Proceedings of the last full day of the 2022 session
The sun rose on Wednesday, the last full day of New Mexico’s 30-day legislative session for 2022lawmakers narrowly cutting it to agree on a budget for fiscal year 2023 and the fate of numerous bills, including an omnibus voting rights and election security package, on hot coals.
The nearly $8.5 billion proposed budget is headed to a conference committee after the state House of Representatives on Tuesday rejected an amended Senate bill. If the chambers do not agree on a budget before the close of business, the governor could call a special session to put together next year’s budget.
Lawmakers worked until late Tuesday night to finish work and pass an omnibus crime bill, a proposed interest rate cap on payday loans and an election. and the voting program, among others.
SB 144, originally a proposal making threatening or intimidating election workers a crime, was converted into an omnibus package on Tuesday when parts of two other bills, one dealing with election changes and the other of the right to vote, were added in a 165-page amendment.

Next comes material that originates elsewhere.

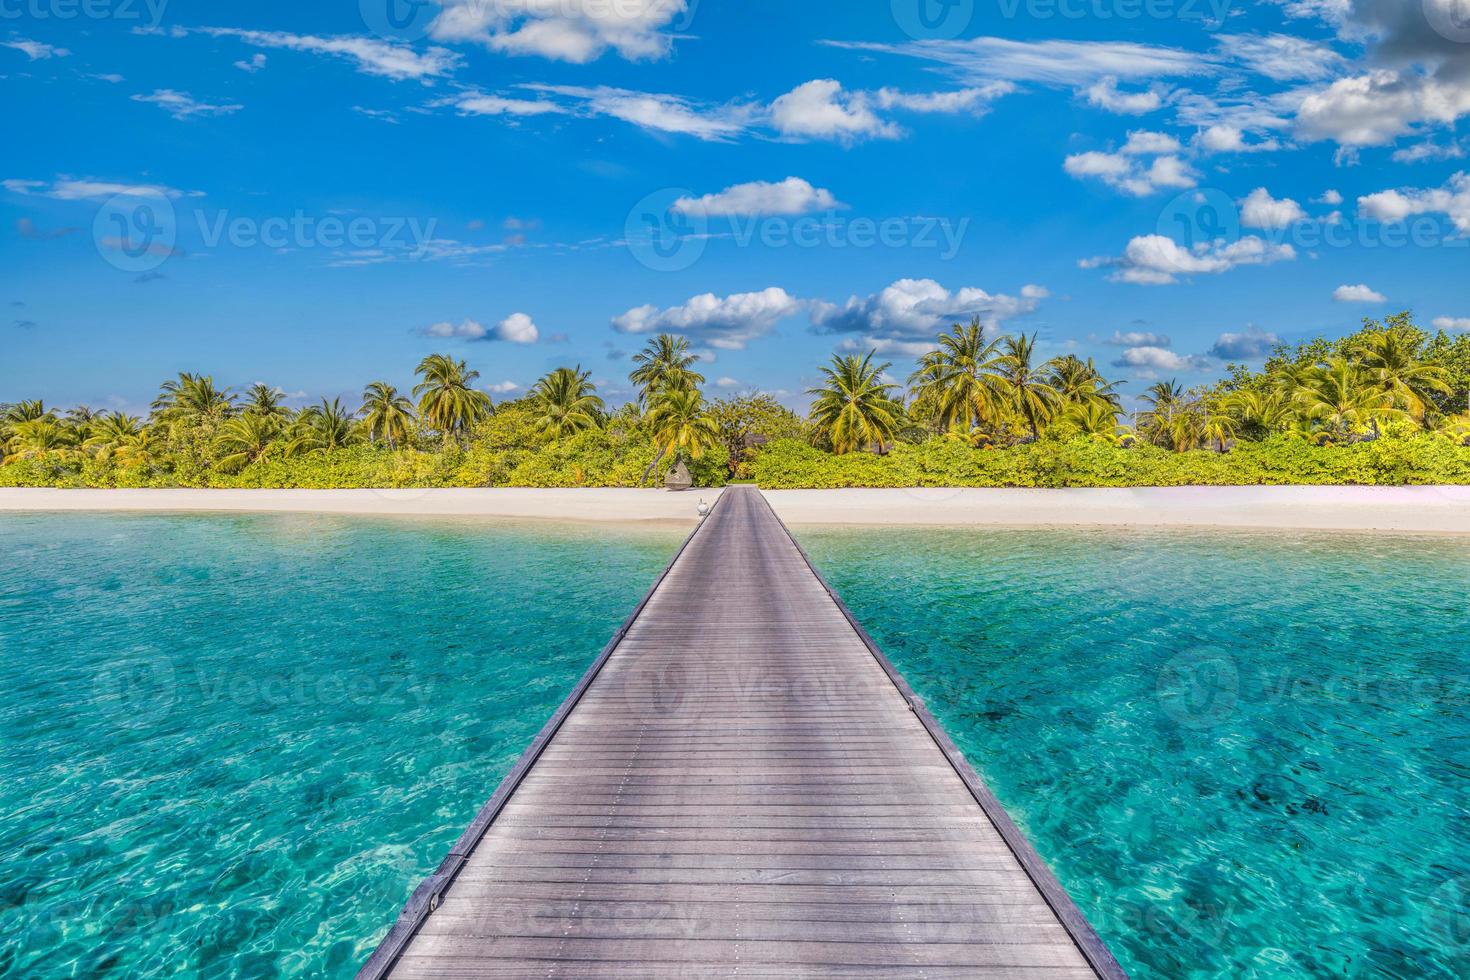 geweldig panorama op de Malediven. luxe resort villa's zeegezicht met palmbomen, wit zand en blauwe lucht. mooi zomers landschap. geweldige strandachtergrond voor vakantievakantie. paradijselijk eiland concept foto

The 2022 regular session of the part-time unpaid New Mexico Legislature ends Thursday at noon.
The Clean Fuel Standard Debate Continues
State Rep. Daymon Ely, D-Corrales, proposed an amendment to the Clean Fuel Standards Bill, SC 14, which would allow the San Juan plant to operate for a year beyond its abandonment date in June. The amendment passed unopposed by the House Government, Elections and Indian Affairs Committee.
Prior to Ely’s amendment, it had passed the Senate by a vote of 25 to 16.
A previous measure to extend the service of the coal-fired power station by two years was rejected by the House Monday.
Senate Bill 14 would provide tax incentives to fuel producers to encourage the production of low-carbon fuel, and is sponsored by Senate Democrat Pro Tempore Mimi Stewart of Albuquerque. At Wednesday’s hearing, she rejected claims by Rep. Greg Nibert, R-Roswell, that this would lead to significant increases in fuel prices, saying there is a global market for the production of cleaner fuels.
State Rep. Nathan Small, D-Las Cruces, carrying the bill for the House, answered questions as the noon hour approached, opening the final 24 hours of the session. He was eliminated from the committee by a vote of 5 to 3.
It took less than 10 minutes for a conference committee chaired by state Rep. Patricia Lundstrom, D-Gallup, to emerge with a reconciled proposal that could be presented to lawmakers on Wednesday.
The six-person committee included three members from each chamber. From the house were Lundstrom and Reps Gail Armstrong, D-Magdalena and Nathan Small, D-Las Cruces. From the Senate: George Muñoz, D-Gallup, Siah Correa Hemphill, D-Silver City and Crystal Diamond, R-Elephant Butte.
The committee quickly approved five changes to the budget bill, including dispersing $125 million that had been earmarked for a hydrogen energy center, $50 million earmarked for a public-private partnership program and $75 million dollars allocated to the state cash reserve.
Two changes were rejected after Senate members of the conference committee opposed them. One would have allocated $30 million for improving the rural health care delivery system and allocating grants to hospitals providing services to the indigent, and the other was an additional $5 million earmarked. to soil and water conservation districts.
Interest rates on installment loans
A bill limiting interest rates on installment loans to 36% is on its way to Governor Michelle Lujan Grisham after the House approved an amended Senate version HB 132.
After the endorsement was passed in the House, supporters began cheering and cheering, but were quickly silenced by House Speaker Brian Egolf, D-Santa Fe.
While the bill caps interest rates on payday loans, it also increases the maximum payday loan amount to $10,000 from $5,000 for up to two years. It also limits the accrual of interest and prohibits wage garnishment for reimbursement.
Supporters celebrated the bill’s provisions targeting predatory lending and collection practices by the industry, while critics had warned it would raise credit barriers for people who may not be eligible for government loans. banks or credit unions.
This story will be updated multiple times throughout the day as we watch the session.